When protein translation fails, the incomplete nascent polypeptide is targeted for degradation by the highly conserved ribosome-associated quality control complex (RQC). Mutations in RQC components lead to stress at the cellular level and neurodegeneration at the organismal level. Recent studies have shown that RQC tags partially synthesize proteins with C-terminal alanine and threonine (CAT) tails in an unusual elongation reaction. Working in yeast, Kostova et al. elucidated the role of this process. CAT-tailing is a fail-safe mechanism to ensure the degradation of partially synthesized proteins. The elongation process appears to “push” lysines out of the ribosome exit tunnel, which allows them to be marked by ubiquitin degradation signals.

Science, this issue p. 414


Ribosome stalling leads to recruitment of the ribosome quality control complex (RQC), which targets the partially synthesized polypeptide for proteasomal degradation through the action of the ubiquitin ligase Ltn1p. A second core RQC component, Rqc2p, modifies the nascent polypeptide by adding a carboxyl-terminal alanine and threonine (CAT) tail through a noncanonical elongation reaction. Here we examined the role of CAT-tailing in nascent-chain degradation in budding yeast. We found that Ltn1p efficiently accessed only nascent-chain lysines immediately proximal to the ribosome exit tunnel. For substrates without Ltn1p-accessible lysines, CAT-tailing enabled degradation by exposing lysines sequestered in the ribosome exit tunnel. Thus, CAT-tails do not serve as a degron, but rather provide a fail-safe mechanism that expands the range of RQC-degradable substrates.

In eukaryotic cells, when translation fails (e.g., due to a faulty mRNA or ribosome stalling), the incomplete nascent chain is targeted for proteasomal degradation (1) by a conserved ribosome-associated quality control pathway (2). This process involves disassociation of the mRNA and 40S subunit followed by recruitment of the ribosome quality control complex (RQC) (37) to the 60S subunit-nascent chain complex (Fig. 1A). The RQC in Saccharomyces cerevisiae comprises Rqc1p, Rqc2p, the E3 ubiquitin ligase Ltn1p, and Cdc48p. Rqc2p acts both to recruit Ltn1p and to facilitate tagging of partially synthesized polypeptides with a carboxyl-terminal alanine and threonine (CAT) tail in a noncanonical elongation reaction (CAT-tailing) (8). CAT-tails facilitate protein aggregation when RQC-mediated degradation is compromised, leading to chaperone sequestration and proteotoxic stress (911). However, an Rqc2p mutant defective in CAT-tailing (Rqc2pmut) fully supports Ltn1p-dependent degradation of the limited number of stalling substrates studied so far (811). Thus, the biological role of CAT-tailing in the context of a functional RQC remains unclear.

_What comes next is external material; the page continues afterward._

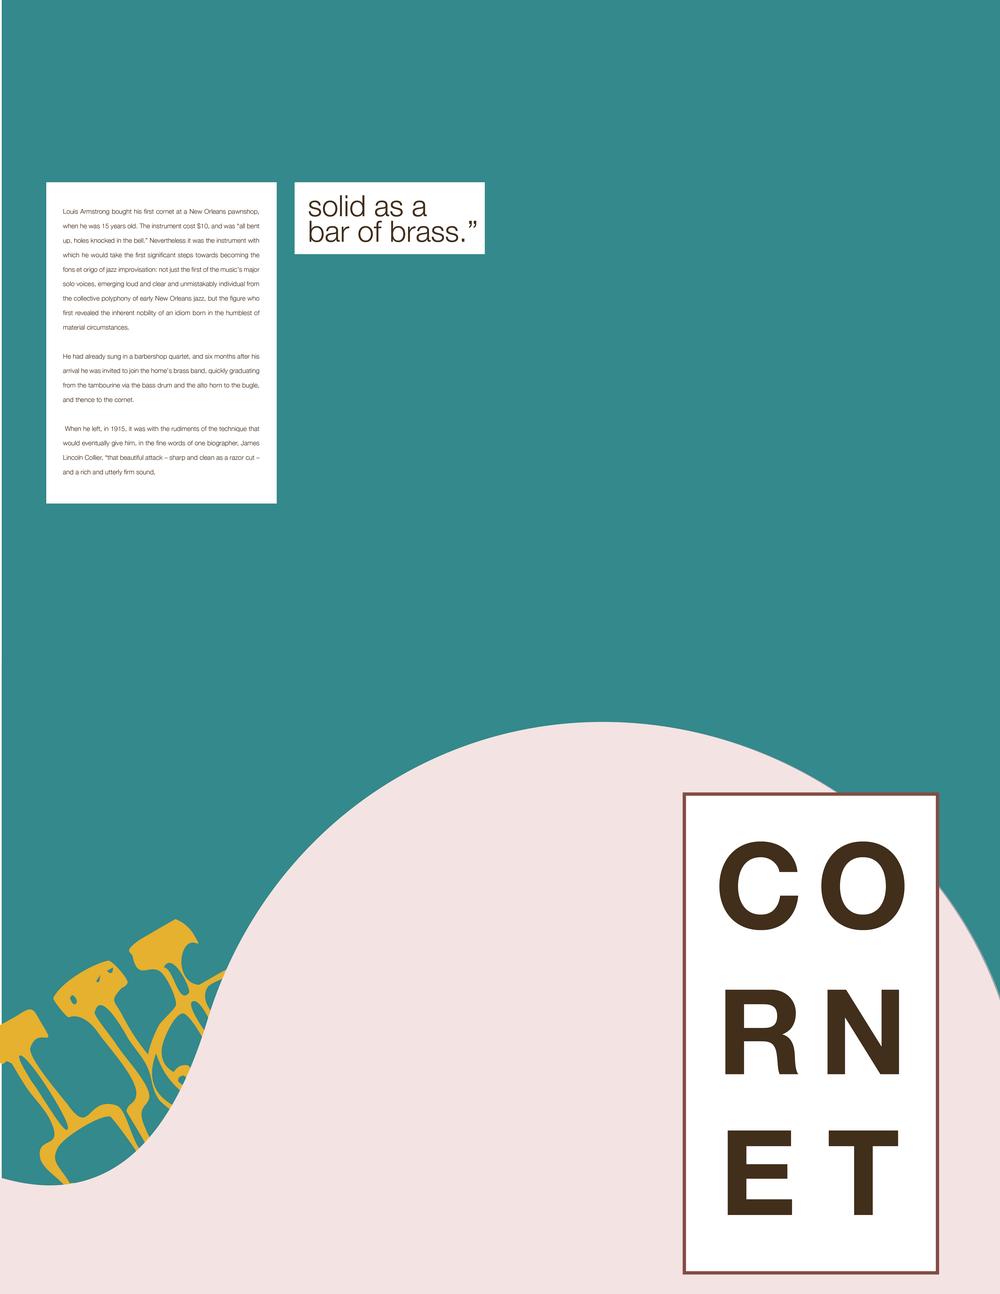 Cornet_Final_Contenders-05.png

Fig. 1 Degradation of RQC substrates requires lysines.

(A) Model for RQC-mediated degradation of nascent polypeptides. (B and C) Immunoblots (IBs) of stalling reporters with or without lysines in RQC deletion strains. (D) Proteasome inhibition time course for stalling constructs expressed in pdr5Δ cells. The relative amount of stalling substrate (mean ± SD, N = 3) accumulating over time was visualized by IB (top) and quantified by densitometry (bottom).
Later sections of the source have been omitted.